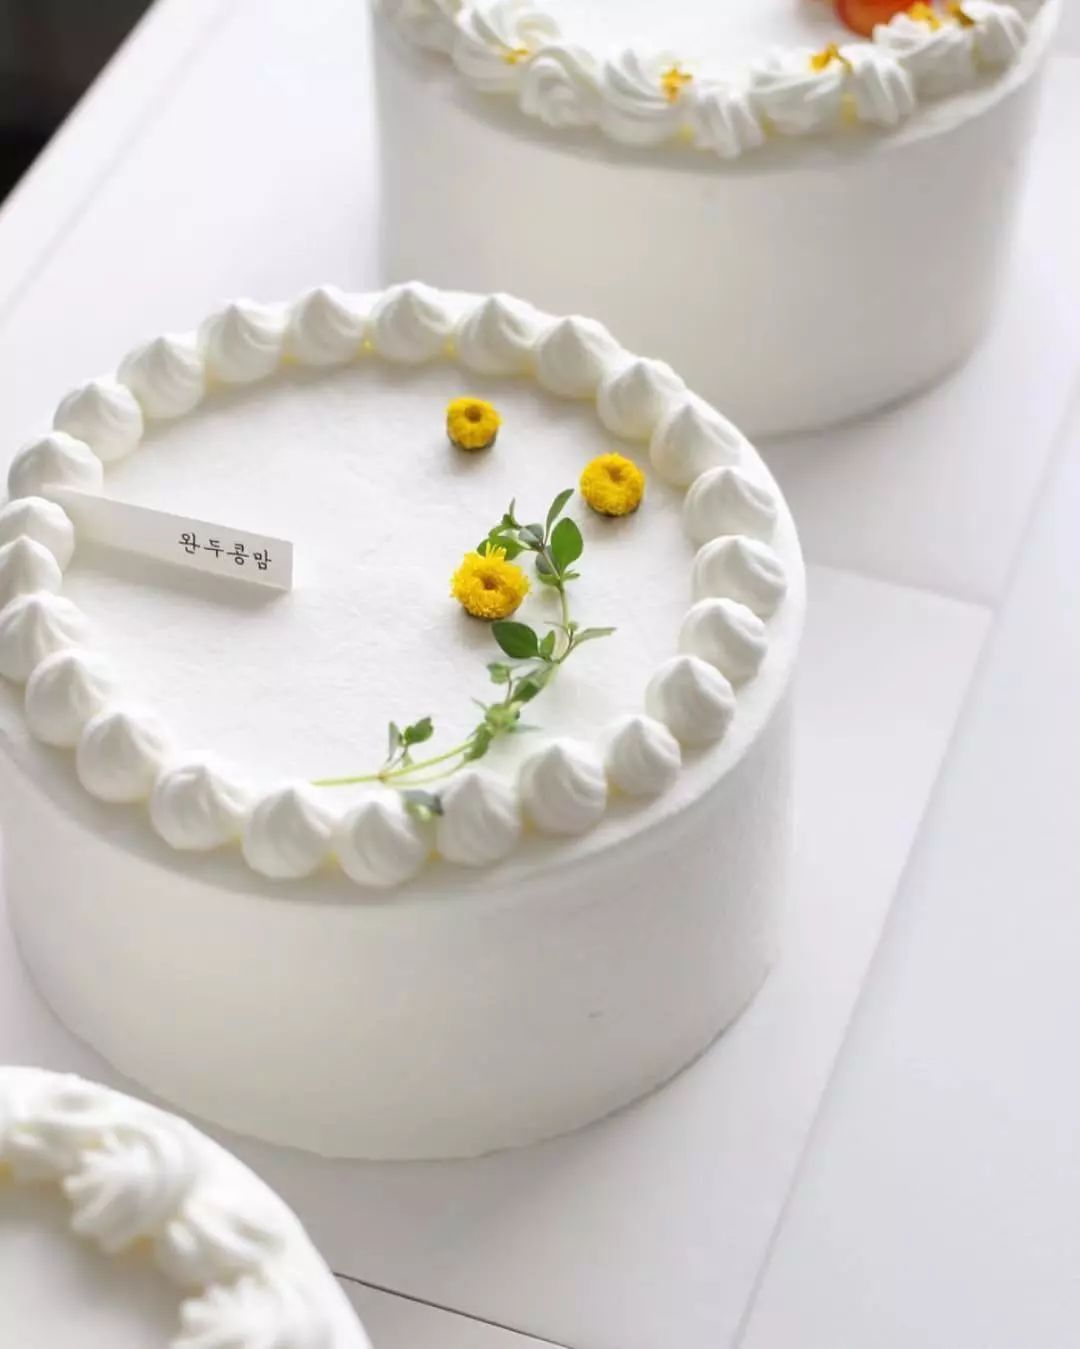 71张新款韩式奶油裱花图鉴,想要蛋糕卖的好?造型真的不能输!
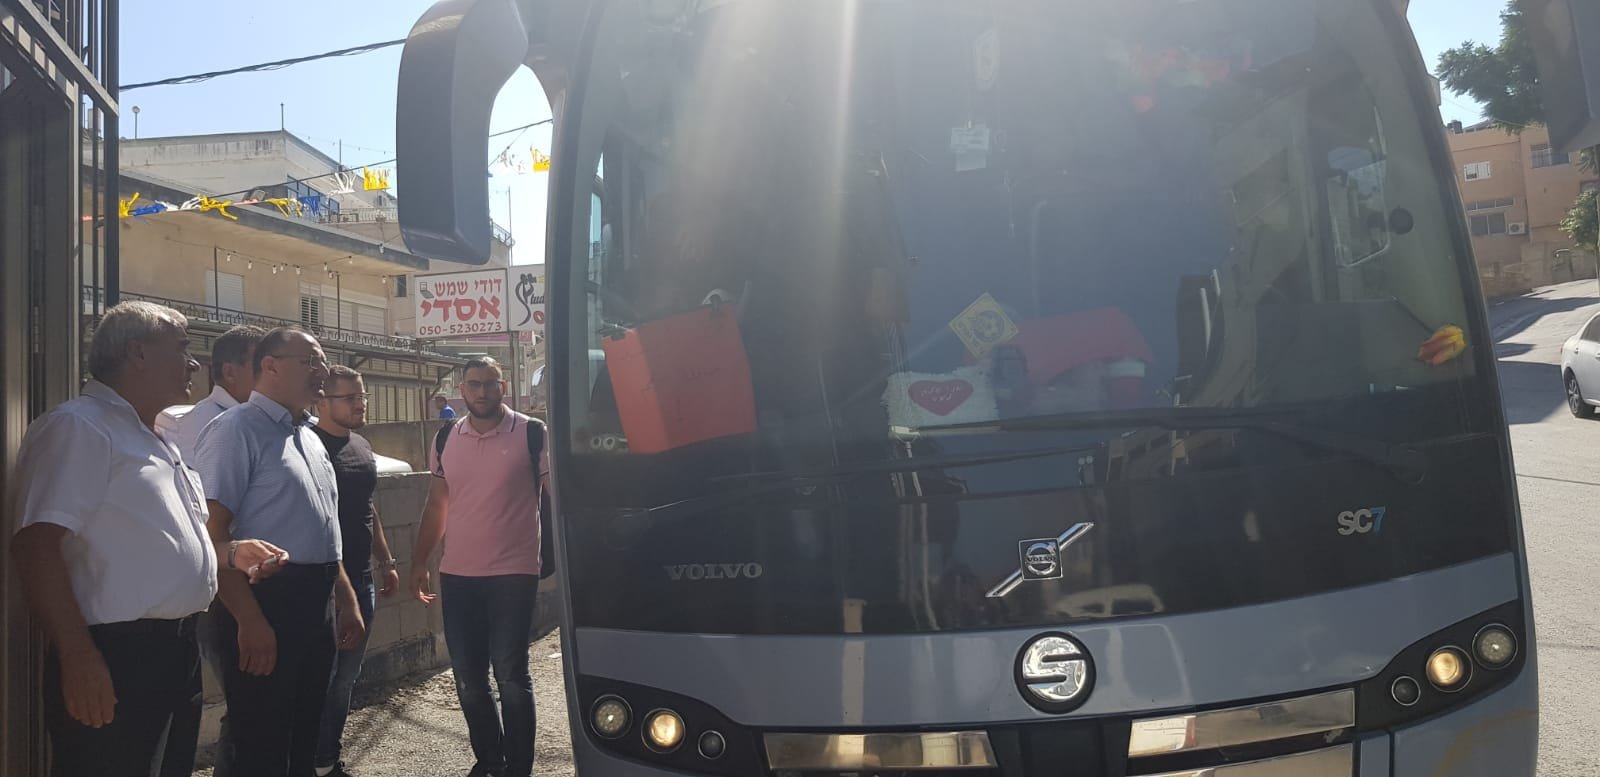 انطلاق الحافلات الى تل أبيب للمشاركة في امّ المظاهرات -2
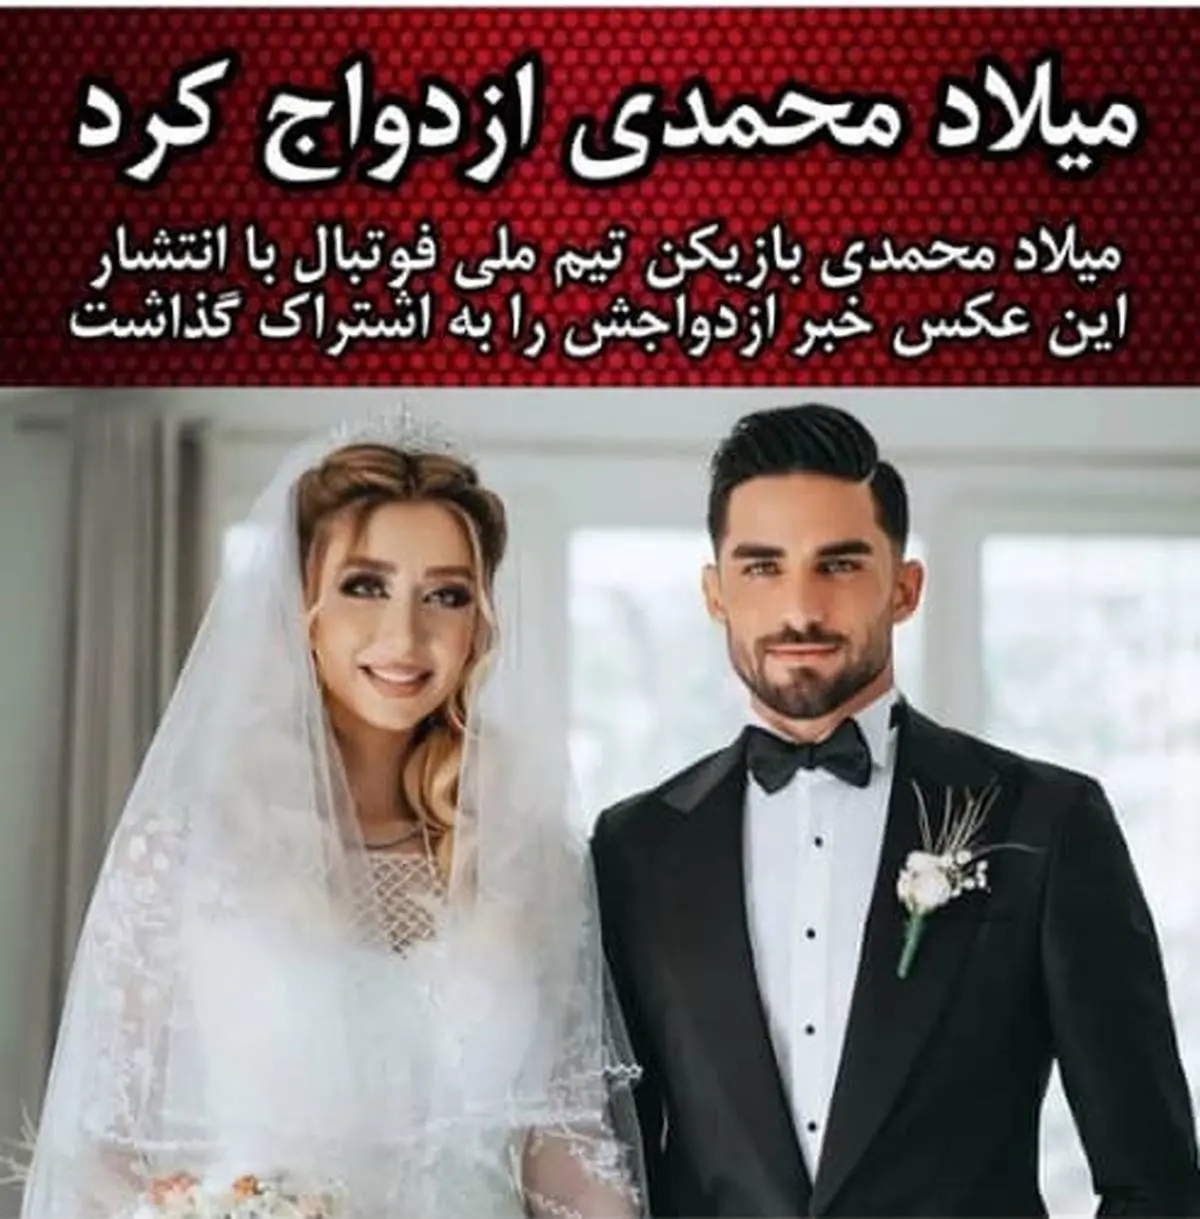 میلاد محمدی ازدواج کرد + عکس مراسم ازدواج و همسرش
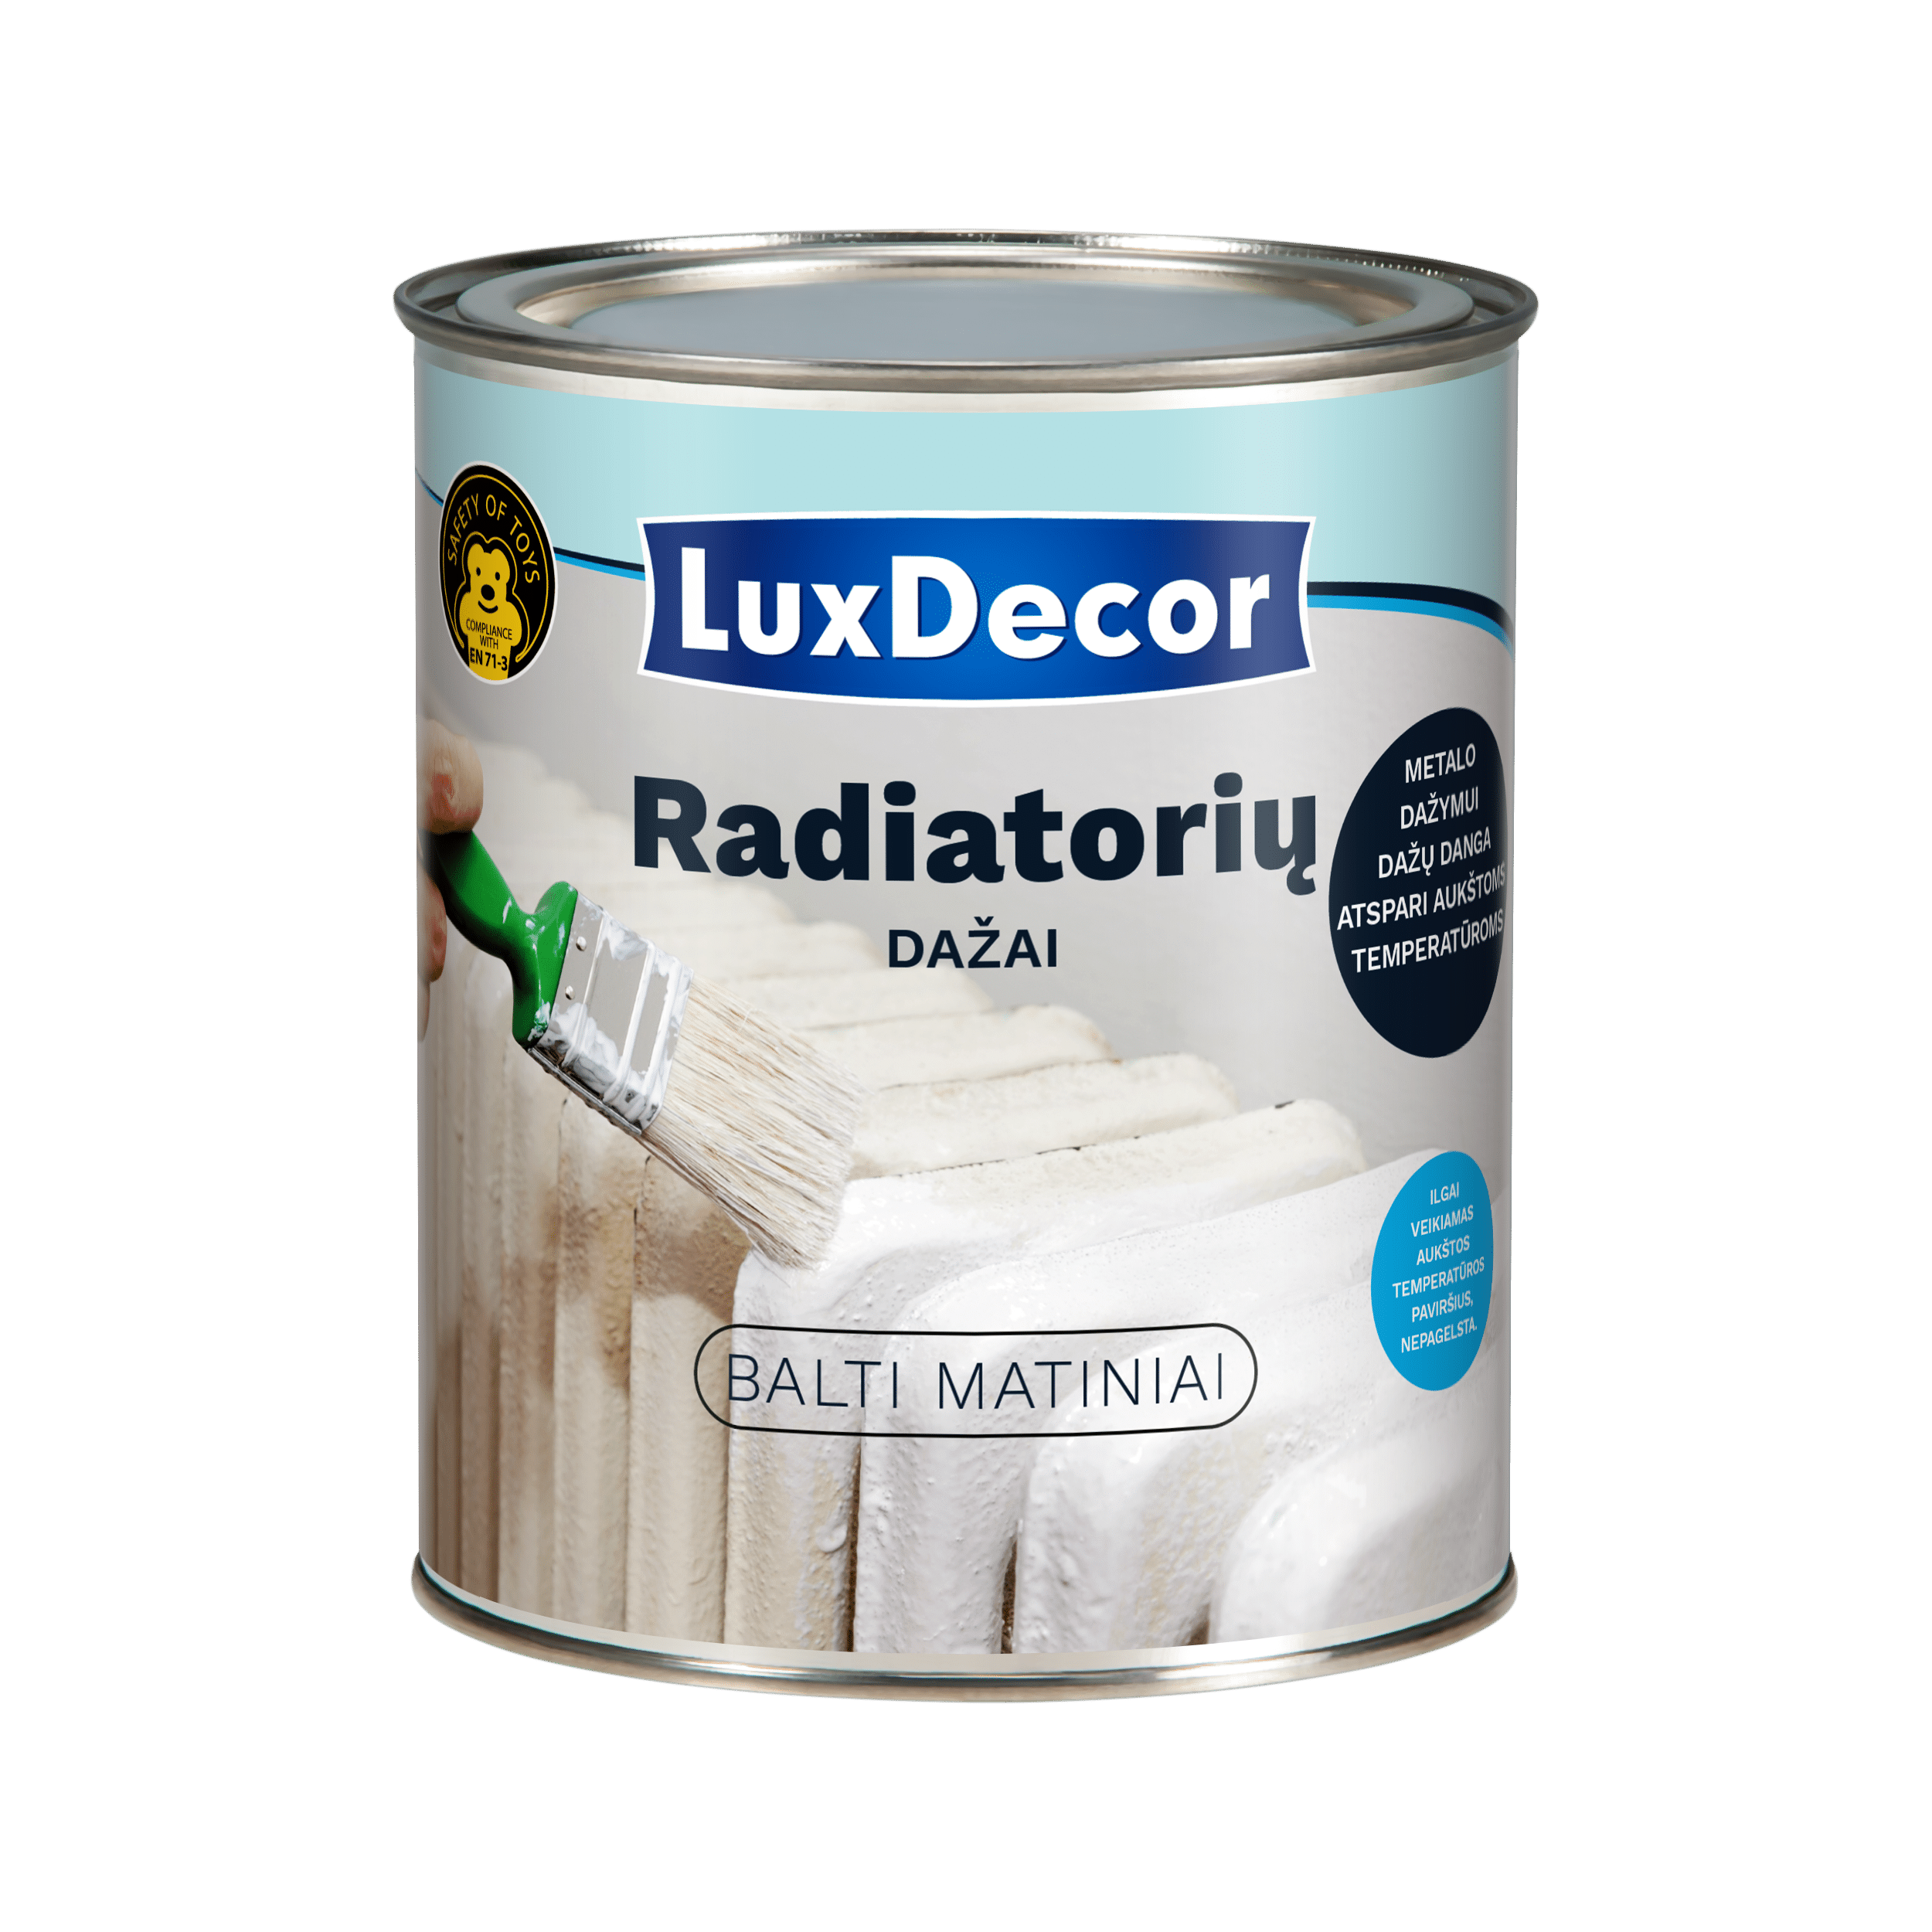 Luxdecor radiatorių dažai

* _Work to complete_: With the pictures removed, write the listing out word for word.

* _Response_:
 71张新款韩式奶油裱花图鉴,想要蛋糕卖的好?造型真的不能输!
 انطلاق الحافلات الى تل أبيب للمشاركة في امّ المظاهرات -2
 میلاد محمدی ازدواج کرد + عکس مراسم ازدواج و همسرش
 Luxdecor radiatorių dažai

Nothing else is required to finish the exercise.